Papers
Topics
Authors
Recent
Search
2000 character limit reached

MeliusNet: Efficient BNN for Mobile Devices

Updated 22 June 2026
  • MeliusNet is a binary neural network that interleaves DenseBlocks with ImprovementBlocks to enhance feature quality while preserving efficiency.
  • It employs 1-bit quantization in key convolutional layers to dramatically reduce model size and computation, enabling effective hardware acceleration.
  • Empirical results on ImageNet demonstrate that MeliusNet variants match or exceed the accuracy of comparable 32-bit models like MobileNet with fewer operations.

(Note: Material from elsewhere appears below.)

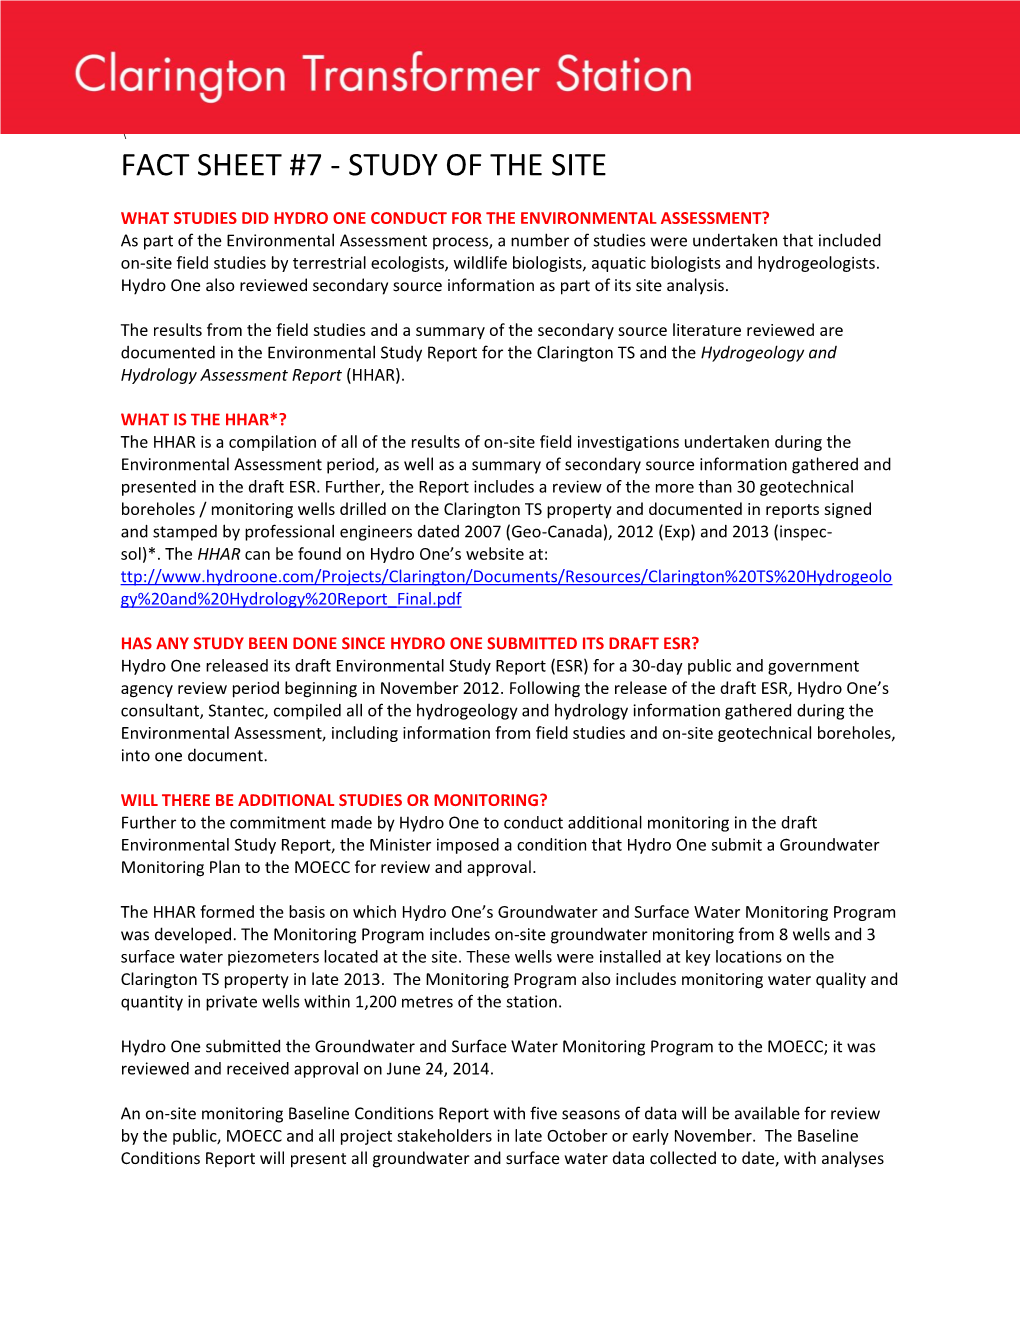 Fact Sheet #7 - Study of the Site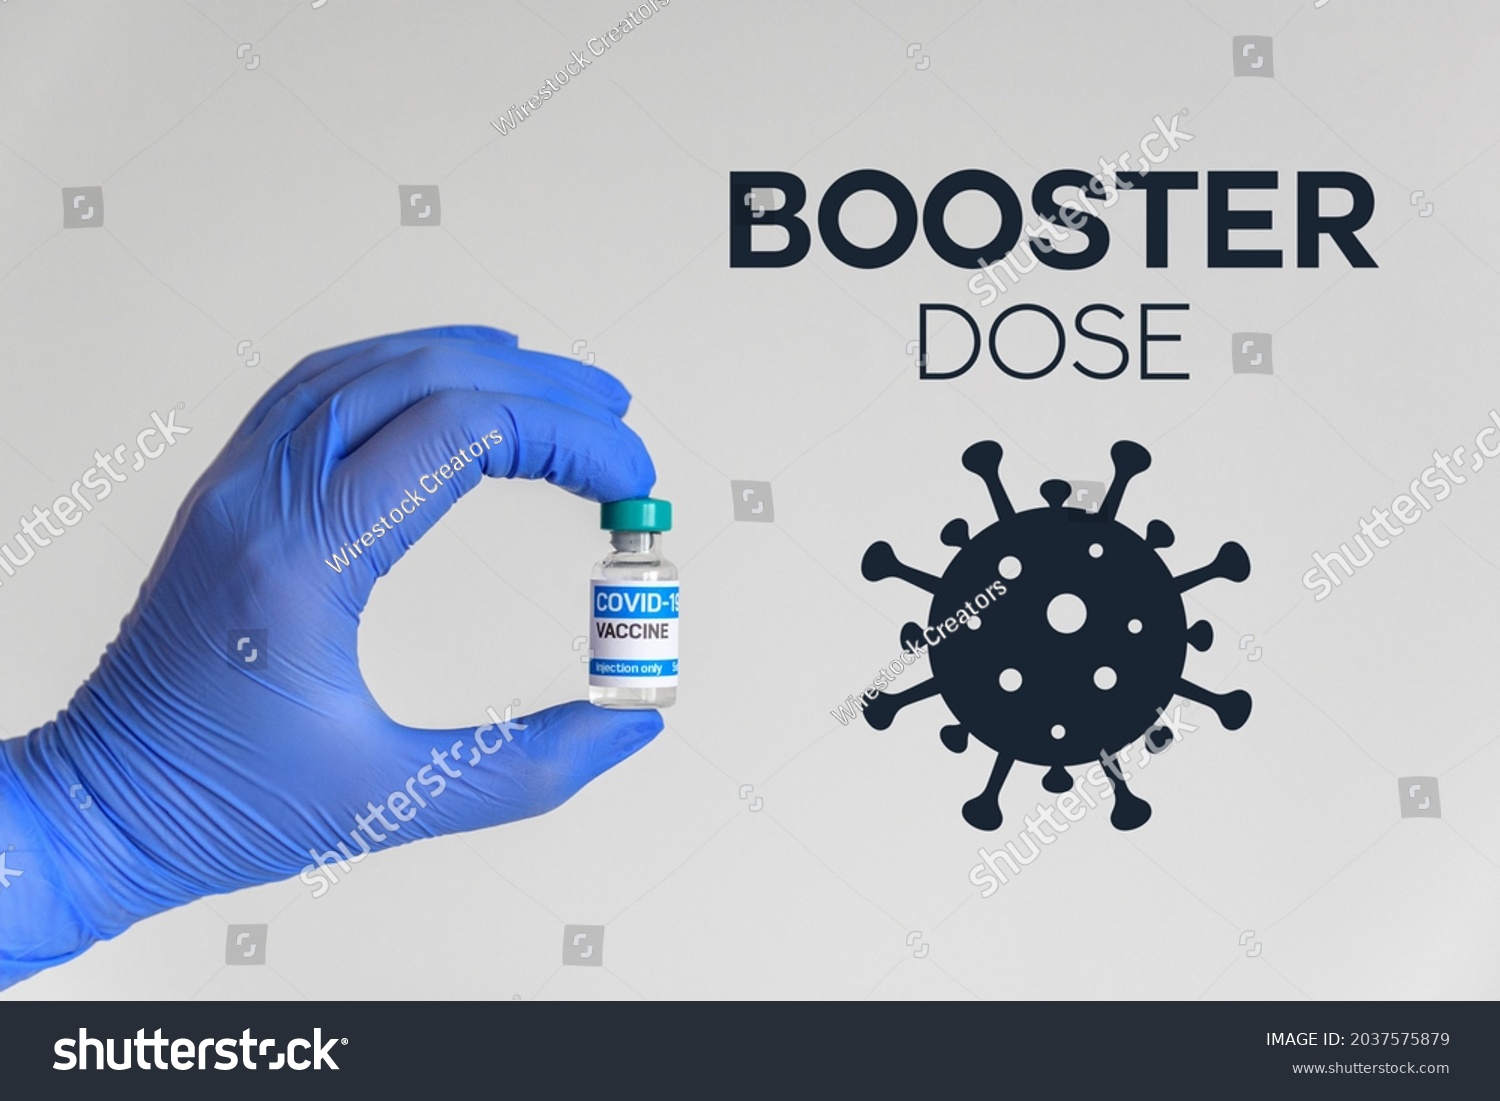 Hand in gloves holding vaccine for covid-19  Booster dose text and corona virus icon  #2037575879

MeliusNet is a binary neural network (BNN) architecture designed to close the accuracy gap between highly efficient 1-bit quantized networks and compact 32-bit architectures such as MobileNet-v1, particularly for inference on resource-constrained devices. Developed by Bethge et al. (HPI & Alibaba AI Labs), MeliusNet interleaves capacity-increasing DenseBlocks with a novel residual-like ImprovementBlock, providing improvements in feature representation quality without incurring the operational overhead typical of hybrid or multi-binary schemes. The architecture supports training and inference with binary weights and activations throughout most layers, resulting in significant reductions in model size and computation, as empirically validated on the ImageNet ILSVRC2012 benchmark (Bethge et al., 2020).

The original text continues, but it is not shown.